Signed-off-by: Trey Dockendorf <tdockendorf@osc.edu>

charts/kyverno/Chart.yaml

@@ -26,11 +26,5 @@ annotations:
       url: https://kyverno.io/docs
   # valid kinds are: added, changed, deprecated, removed, fixed and security
   artifacthub.io/changes: |
-    - kind: added
-      description: Support for artifacthub.io/changes annotation
-    - kind: added
-      description: Allow defining imagePullSecrets
-    - kind: fixed
-      description: Replica count handling
     - kind: changed
-      description: Use cluster role aggregation
+      description: Exclude Kyverno namespace by default

charts/kyverno/README.md

@@ -105,11 +105,12 @@ The command removes all the Kubernetes components associated with the chart and
 | livenessProbe | object | See [values.yaml](values.yaml) | Liveness probe. The block is directly forwarded into the deployment, so you can use whatever livenessProbe configuration you want. ref: https://kubernetes.io/docs/tasks/configure-pod-container/configure-liveness-readiness-probes/ |
 | readinessProbe | object | See [values.yaml](values.yaml) | Readiness Probe. The block is directly forwarded into the deployment, so you can use whatever readinessProbe configuration you want. ref: https://kubernetes.io/docs/tasks/configure-pod-container/configure-liveness-readiness-probes/ |
 | generatecontrollerExtraResources | string | `nil` |  |
+| excludeKyvernoNamespace | bool | `true` | Exclude Kyverno namespace Determines if default Kyverno namespace exclusion is enabled for webhooks and resourceFilters |
 | config.resourceFilters | list | See [values.yaml](values.yaml) | Resource types to be skipped by the Kyverno policy engine. Make sure to surround each entry in quotes so that it doesn't get parsed as a nested YAML list. These are joined together without spaces, run through `tpl`, and the result is set in the config map. |
 | config.existingConfig | string | `""` | Name of an existing config map (ignores default/provided resourceFilters) |
 | config.excludeGroupRole | string | `nil` | Exclude group role |
 | config.excludeUsername | string | `nil` | Exclude username |
-| config.webhooks | string | `nil` | Defines the `namespaceSelector` in the webhook configurations. Note that it takes a list of `namespaceSelector` and/or `objectSelector` in the JSON format, and only the first element will be forwarded to the webhook configurations. |
+| config.webhooks | string | `nil` | Defines the `namespaceSelector` in the webhook configurations. Note that it takes a list of `namespaceSelector` and/or `objectSelector` in the JSON format, and only the first element will be forwarded to the webhook configurations. The Kyverno namespace is excluded if `excludeKyvernoNamespace` is `true` (default) |
 | config.generateSuccessEvents | bool | `false` | Generate success events. |
 | config.metricsConfig | object | `{"namespaces":{"exclude":[],"include":[]}}` | Metrics config. |
 | updateStrategy | object | See [values.yaml](values.yaml) | Deployment update strategy.
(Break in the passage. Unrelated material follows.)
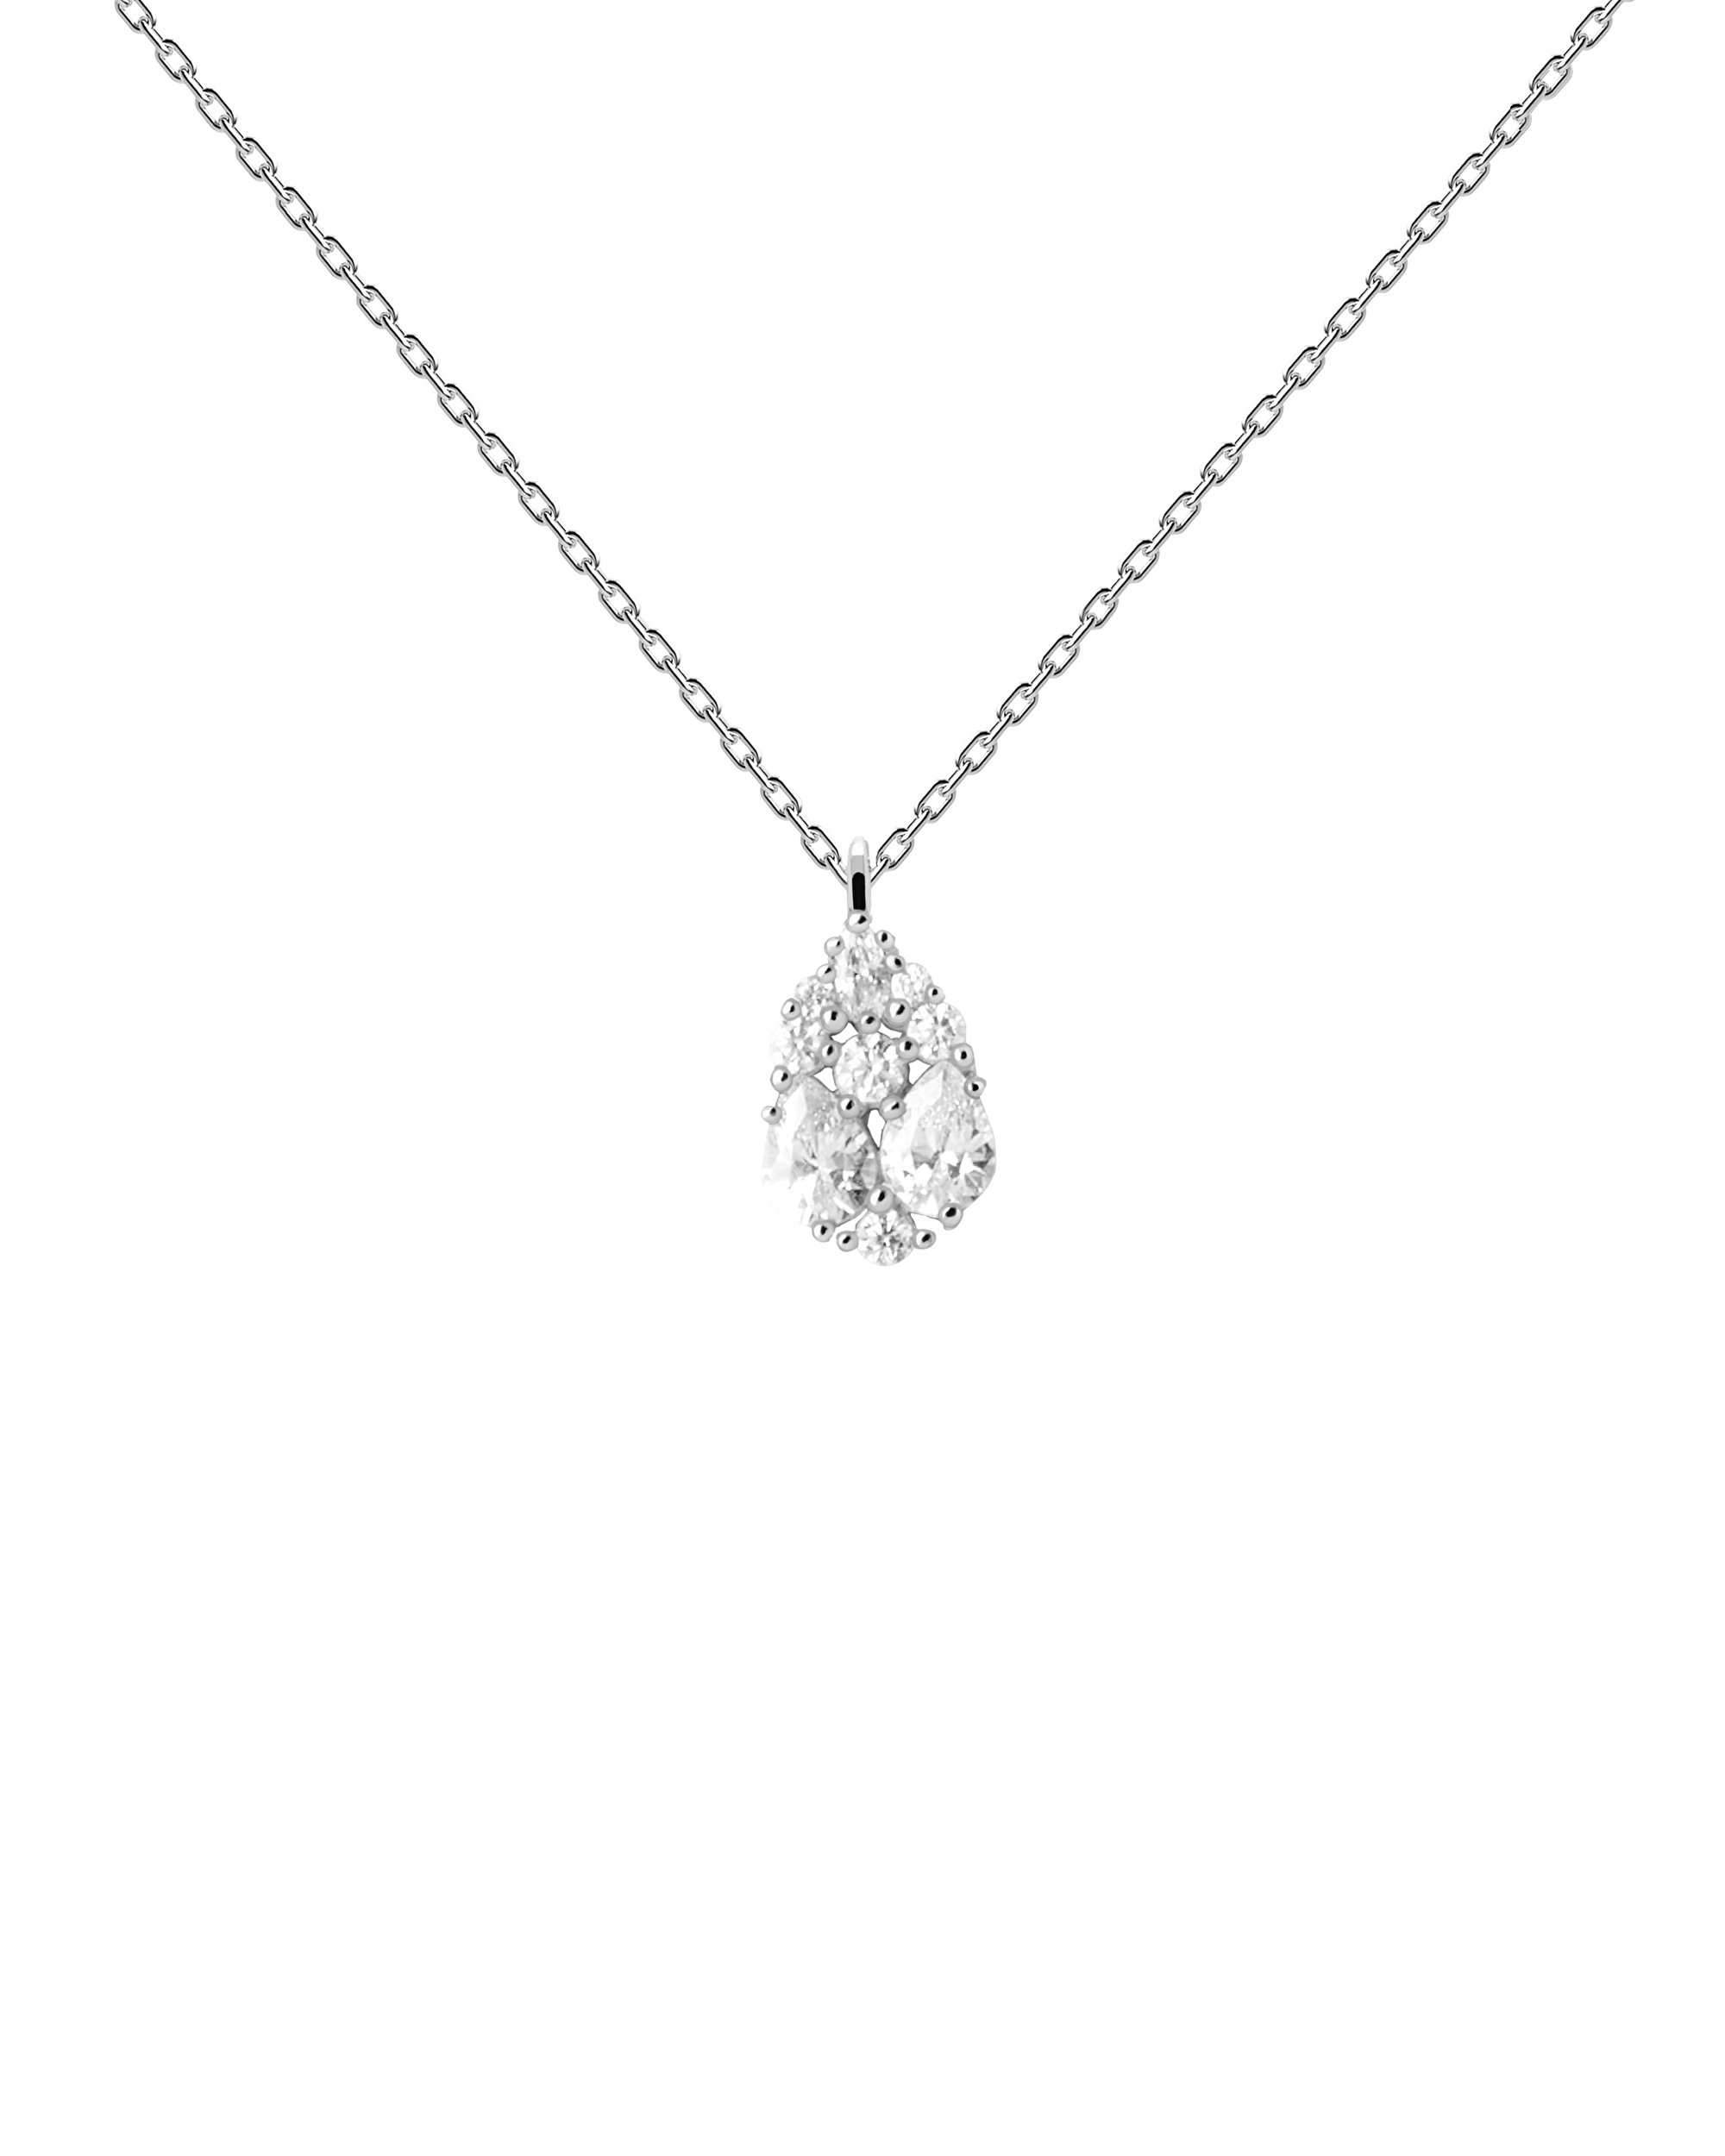 PDPAOLA Blyštivý strieborný náhrdelník Vanilla CO02-674-U (retiazka, prívesok)

Ref: https://kubernetes.io/docs/concepts/workloads/controllers/deployment/#strategy |

charts/kyverno/templates/_helpers.tpl

@@ -116,3 +116,24 @@ maxUnavailable: {{ .Values.podDisruptionBudget.maxUnavailable }}
 {{- define "kyverno.imagePullSecret" }}
 {{- printf "{\"auths\":{\"%s\":{\"auth\":\"%s\"}}}" .registry (printf "%s:%s" .username .password | b64enc) | b64enc }}
 {{- end }}
+
+
+{{- define "kyverno.resourceFilters" -}}
+{{- $resourceFilters := .Values.config.resourceFilters }}
+{{- if .Values.excludeKyvernoNamespace }}
+  {{- $resourceFilters = prepend .Values.config.resourceFilters (printf "[*,%s,*]" (include "kyverno.namespace" .)) }}
+{{- end }}
+{{- tpl (join "" $resourceFilters) . }}
+{{- end }}
+
+{{- define "kyverno.webhooks" -}}
+{{- $excludeDefault := dict "key" "kubernetes.io/metadata.name" "operator" "NotIn" "values" (list (include "kyverno.namespace" .)) }}
+{{- $newWebhook := list }}
+{{- range $webhook := .Values.config.webhooks }}
+  {{- $namespaceSelector := default dict $webhook.namespaceSelector }}
+  {{- $matchExpressions := default list $namespaceSelector.matchExpressions }}
+  {{- $newNamespaceSelector := dict "matchLabels" $namespaceSelector.matchLabels "matchExpressions" (append $matchExpressions $excludeDefault) }}
+  {{- $newWebhook = append $newWebhook (merge (omit $webhook "namespaceSelector") (dict "namespaceSelector" $newNamespaceSelector)) }}
+{{- end }}
+{{- $newWebhook | toJson }}
+{{- end }}

charts/kyverno/templates/configmap.yaml

@@ -9,7 +9,7 @@ metadata:
 data:
   # resource types to be skipped by kyverno policy engine
   {{- if .Values.config.resourceFilters }}
-  resourceFilters: {{ tpl (join "" .Values.config.resourceFilters) . | quote }}
+  resourceFilters: {{ include "kyverno.resourceFilters" . | quote }}
   {{- end -}}
   {{- if .Values.config.excludeGroupRole }}
   excludeGroupRole: {{ join "," .Values.config.excludeGroupRole | quote }}
@@ -17,8 +17,12 @@ data:
   {{- if .Values.config.excludeUsername }}
   excludeUsername: {{ join "," .Values.config.excludeUsername | quote }}
   {{- end -}}
-  {{- if .Values.config.webhooks }}
-  webhooks: {{ .Values.config.webhooks  | toJson | quote }}
+  {{- if and .Values.config.webhooks .Values.excludeKyvernoNamespace }}
+  webhooks: {{ include "kyverno.webhooks" . | quote }}
+  {{- else if .Values.config.webhooks }}
+  webhooks: {{ .Values.config.webhooks | toJson | quote }}
+  {{- else if .Values.excludeKyvernoNamespace }}
+  webhooks: '[{"namespaceSelector": {"matchExpressions": [{"key":"kubernetes.io/metadata.name","operator":"NotIn","values":["{{ include "kyverno.namespace" . }}"]}]}}]'
   {{- end -}}
   {{- if .Values.config.generateSuccessEvents }}
   generateSuccessEvents: {{ .Values.config.generateSuccessEvents | quote }}

charts/kyverno/values.yaml

@@ -212,6 +212,10 @@ generatecontrollerExtraResources:
 # - ResourceA
 # - ResourceB
 
+# -- Exclude Kyverno namespace
+# Determines if default Kyverno namespace exclusion is enabled for webhooks and resourceFilters
+excludeKyvernoNamespace: true
+
 config:
   # -- Resource types to be skipped by the Kyverno policy engine.
   # Make sure to surround each entry in quotes so that it doesn't get parsed as a nested YAML list.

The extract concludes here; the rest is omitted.